Behind the Scenes of ‘The Sopranos’: A New Exhibition Revisits TV’s Favorite Mob Drama

At the Museum of Moving Image, scripts, set designs, and research material reveal the making of the HBO hit.

In 1997, in the years before The Wire, Game of Thrones, and Succession, HBO was an upstart in search of a hit. It took a chance on a script by David Chase about Tony Soprano, a New Jersey mob captain in need of therapy, that over six seasons would grow into one of the network’s crown jewels.

A new show at the Museum of Moving Image (MoMI), “Stories and Set Designs for The Sopranos,” captures the urgent energy channeled by Chase and his team of collaborators as they turned daring pilot into a show that would pave the way for a golden age of television.

At its heart is a display case shows the team frantically swatting up on their knowledge of the Italian-American underworld in the months leading up to the filming of the pilot. There are clippings on the Genovese crime family, notes titled “Wiseguy Research,” and a document assigning characters their place within the mafia hierarchy. Chase may have been inspired by the northern New Jersey community he grew up in, but the research went deep. In one case, someone probes their connections in the Chicago crime network to learn about marital infidelity. “The wives look the other way,” the source reports.

Display case showing research into the Sopranos. Photo: Thanassi Karageorgiou/Museum of Moving Image.

The surrounding four walls are dedicated to the spaces in which the drama unfolds: the Soprano family home, the Bada Bing strip club, Dr. Melfi’s psychiatry office, and the meat market that doubles as a Mafiosi meeting place. For the pilot, all but Melfi’s office had been shot on location and so for the first season, the production designer, Dean Taucher, recreated them at Silvercup Studios in Queens—Chase insisted, however, that all exterior shots take place in New Jersey. For each location, the curators provide an episode clip and its script along with concept art and ground plans, which have been in the MoMI’s collection for some time.

“By joining the design materials to the writing materials we wanted to provide a closer look at how The Sopranos, and a television series more broadly, moves from that initial pilot stage into series production,” the exhibition’s curator Barbara Miller said over the phone. “It uncovers the mystery of how these things happen.
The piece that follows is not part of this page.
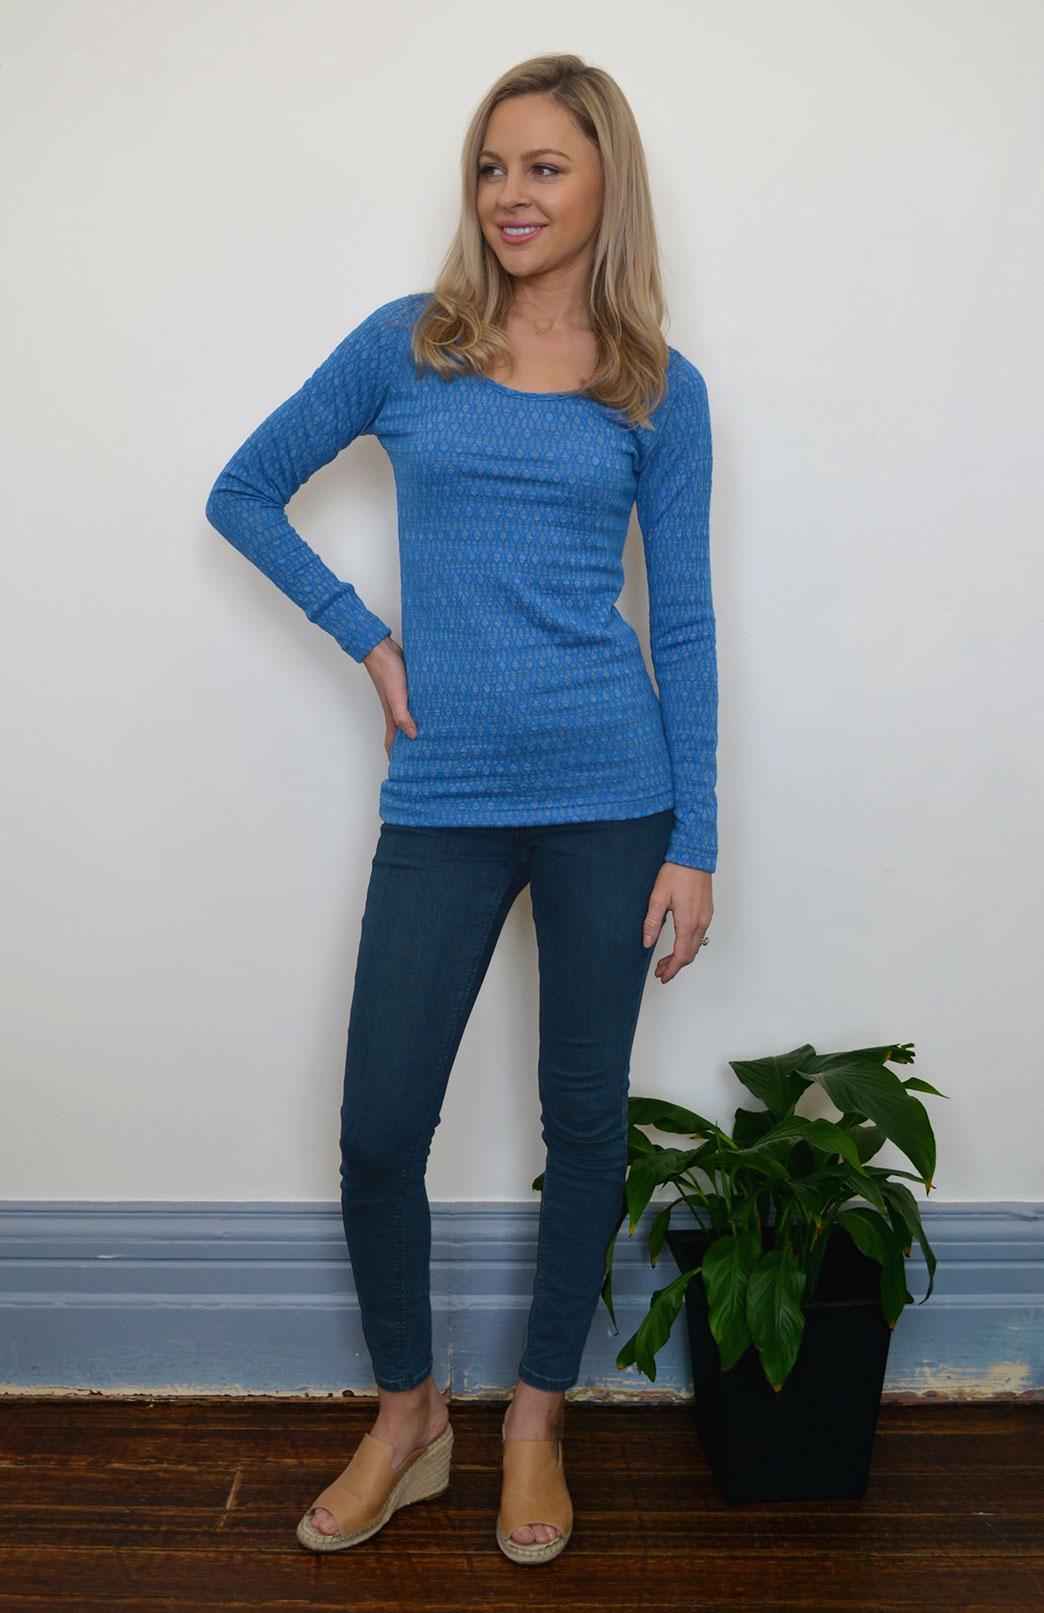 Scoop Neck Top - Patterned - Women's Blue Patterned Merino Wool Long Sleeved Thermal Top with Scoop Neckline - Smitten Merino Tasmania Australia

It’s work; it’s not magic.”

Ground plan for Dr. Melfi’s office by Edward Pisoni. Photo: courtesy the Museum of the Moving Image.

By the late 1990s, audiences were familiar with meeting America’s mafia men on screen, but what immediately set The Sopranos apart was the psychological element. This plays out in Melfi’s office in which Tony (played by James Gandolfini) haphazardly shares the anxieties of his profession and what might modestly be called “mother issues.” Ed Pisano’s original design—drawings of which were previously gifted to the museum—is a thing of hardwood and cold lighting, an austere circular space with no escape. “Look,” Tony said in the pilot, “it’s impossible for me to talk to a psychiatrist.” The viewer knows otherwise.

A focus of these sessions is Tony’s tension with his mother Livia (Nancy Marchand), a character loosely inspired by Chase’s own eccentric mother. As the exhibition reveals, Chase originally planned on having Tony kill his mother at the end of the season, but this changed owing to the strength of Livia’s character and Marchand’s relationship with the production.

Sopranos bedroom set. Photo courtesy of the Museum of Moving Image.

The contrast between their respective homes shows that Tony has surpassed the success of his father, Johnny. Whereas Livia’s house is a generic middle-class box, her son lives in a sprawling suburban mansion with faux-Renaissance paintings (by Michael Zansky), crystal wall lamps, and a swimming pool. It’s a space meant to act as a refuge, as shown in a concept drawing of Tony stood at the top of his foyer staircase surveying his home in a tight-fitting polo shirt and topped by a halo.

The Bada Bing strip club and Satriale’s Pork Store work to pierce the veneer of any such respectability. The backroom of the strip club, whose sign was drawn from truck mud flaps, is on the nose with dim lighting, a pool table, and risqué posters. Likewise, Satriale’s recreates a meat market in Elizabeth, New Jersey, that had been used to shoot the pilot. To do so, they took over a plot in the nearby town of Kearny—though they did add a smiling pig to the roof.

Concept art for the Bada Bing office. Photo courtesy of the Museum of Moving Image.

Over the course of its eight-year run, details like these became intimately familiar to viewers. One detail that did change was the show’s logo. The downward facing gun originally mimicked the letter “r.” This was deemed “cheesy 007 James Bond” and certainly not the first impression the showrunners were going for.

“That golden age was not just about the excellence of the show itself, but a product of the conditions of the industry at that moment,” Miller said. “The Sopranos connecting with HBO in that dynamic moment was fortuitous, both for them and for us as viewers.”

Script for The Sopranos pilot. Photo courtesy of the Museum of Moving Image.

“Stories and Set Designs for The Sopranos” is on view at the Museum of Moving Image, New York, February 14–May 31.